COLLECTED MATERIAL Block Start
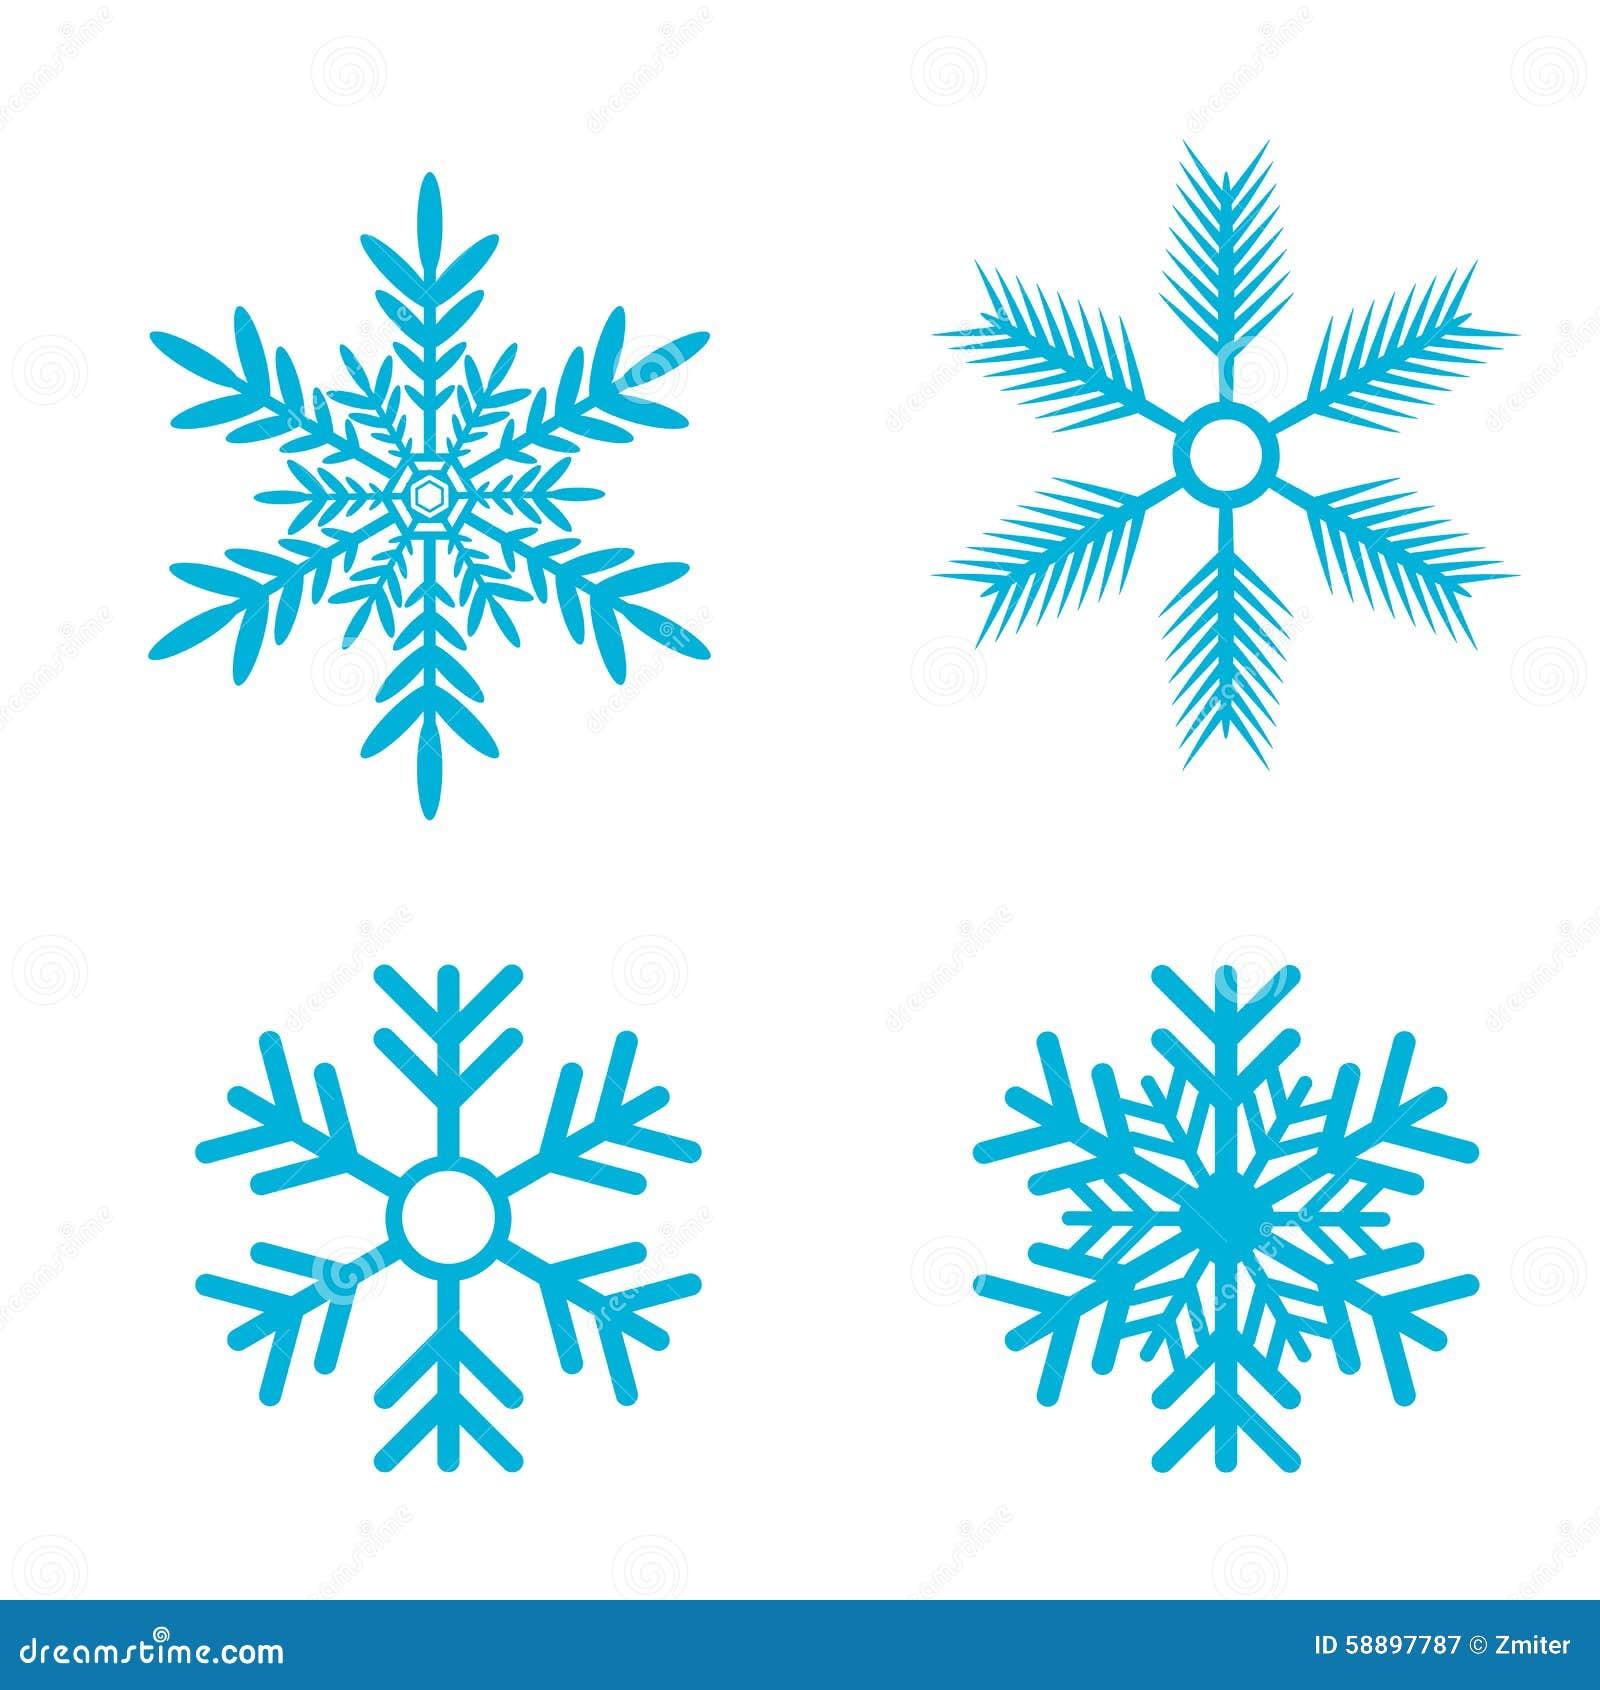 Les flocons de neige dirigent le positionnement ic ne de flocon de neige illustration de vecteur - Gabarit flocon de neige a decouper ...
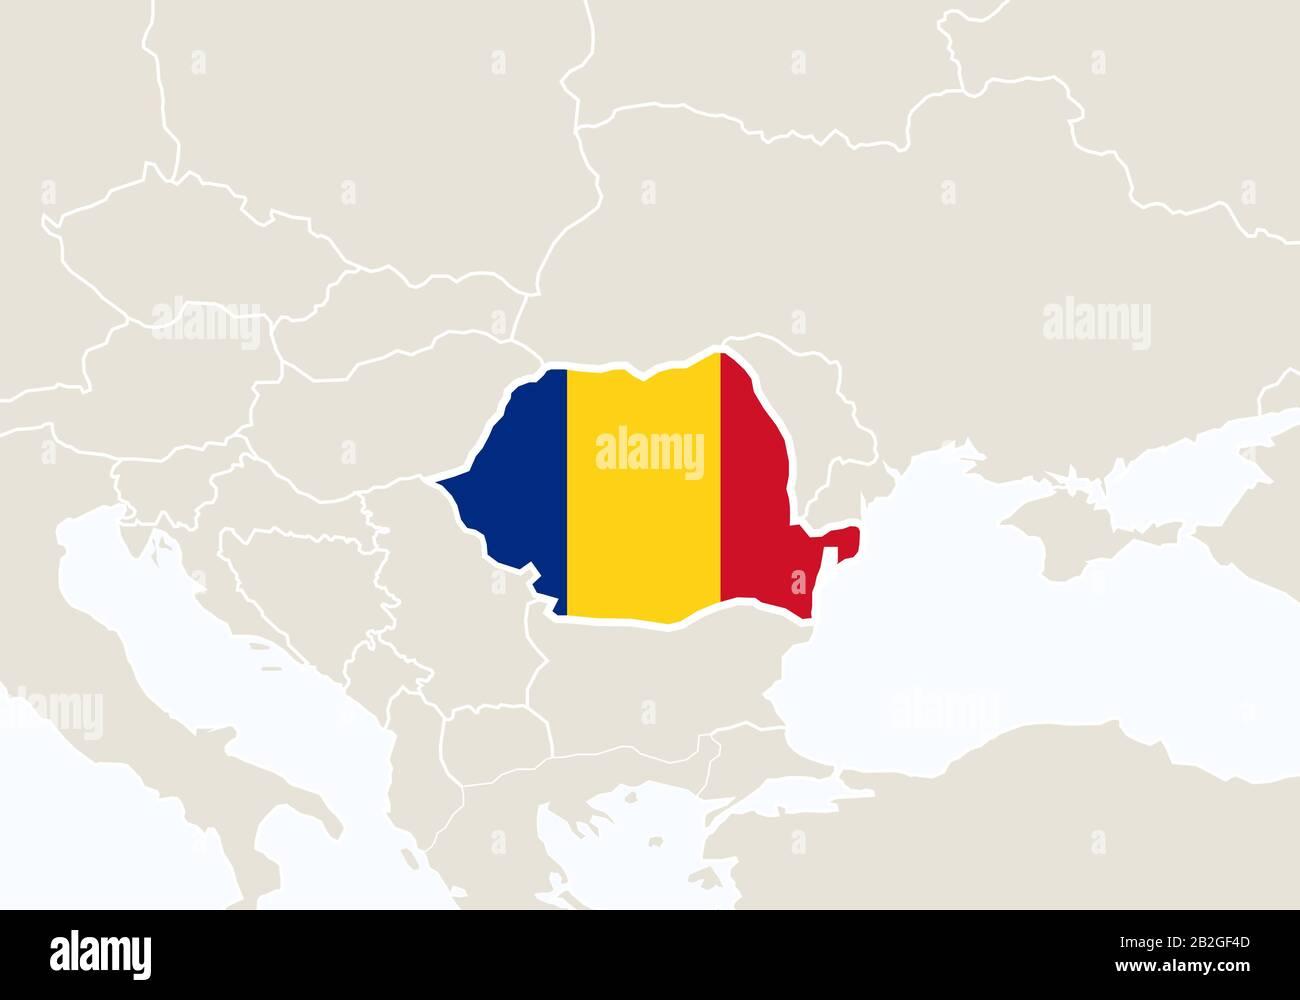 Cartina Dettagliata Romania.Europa Con Mappa Romania Evidenziata Illustrazione Vettoriale Immagine E Vettoriale Alamy
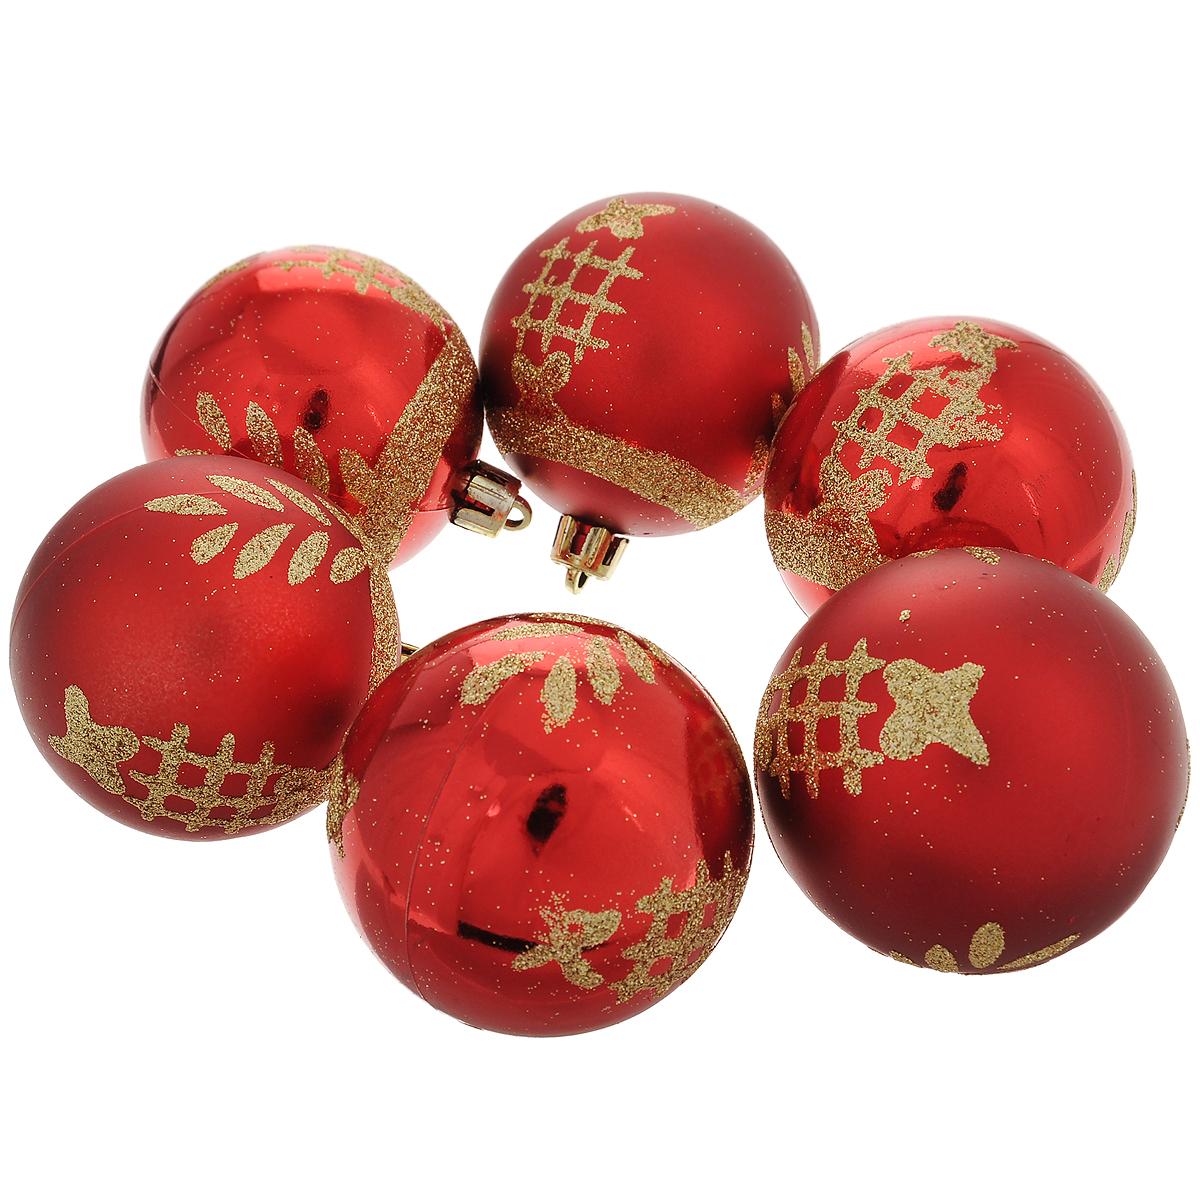 Набор новогодних подвесных украшений Шар, цвет: золотистый, красный, диаметр 6 см, 6 шт. 3551325904Набор новогодних подвесных украшений Шар прекрасно подойдет для праздничного декора новогодней ели. Состоит из шести шаров.Елочная игрушка - символ Нового года. Она несет в себе волшебство и красоту праздника. Создайте в своем доме атмосферу веселья и радости, украшая новогоднюю елку нарядными игрушками, которые будут из года в год накапливать теплоту воспоминаний. Коллекция декоративных украшений принесет в ваш дом ни с чем несравнимое ощущение волшебства! Откройте для себя удивительный мир сказок и грез. Почувствуйте волшебные минуты ожидания праздника, создайте новогоднее настроение вашим дорогим и близким.
COLLECTED MATERIAL Block End
# TASK INSTRUCTIONS:
Produce the data again character for character, with the images left out.

# SOLUTION TO THE EXERCISE:
 Les flocons de neige dirigent le positionnement ic ne de flocon de neige illustration de vecteur - Gabarit flocon de neige a decouper ...
 Cartina Dettagliata Romania.Europa Con Mappa Romania Evidenziata Illustrazione Vettoriale Immagine E Vettoriale Alamy
 Набор новогодних подвесных украшений Шар, цвет: золотистый, красный, диаметр 6 см, 6 шт. 3551325904Набор новогодних подвесных украшений Шар прекрасно подойдет для праздничного декора новогодней ели. Состоит из шести шаров.Елочная игрушка - символ Нового года. Она несет в себе волшебство и красоту праздника. Создайте в своем доме атмосферу веселья и радости, украшая новогоднюю елку нарядными игрушками, которые будут из года в год накапливать теплоту воспоминаний. Коллекция декоративных украшений принесет в ваш дом ни с чем несравнимое ощущение волшебства! Откройте для себя удивительный мир сказок и грез. Почувствуйте волшебные минуты ожидания праздника, создайте новогоднее настроение вашим дорогим и близким.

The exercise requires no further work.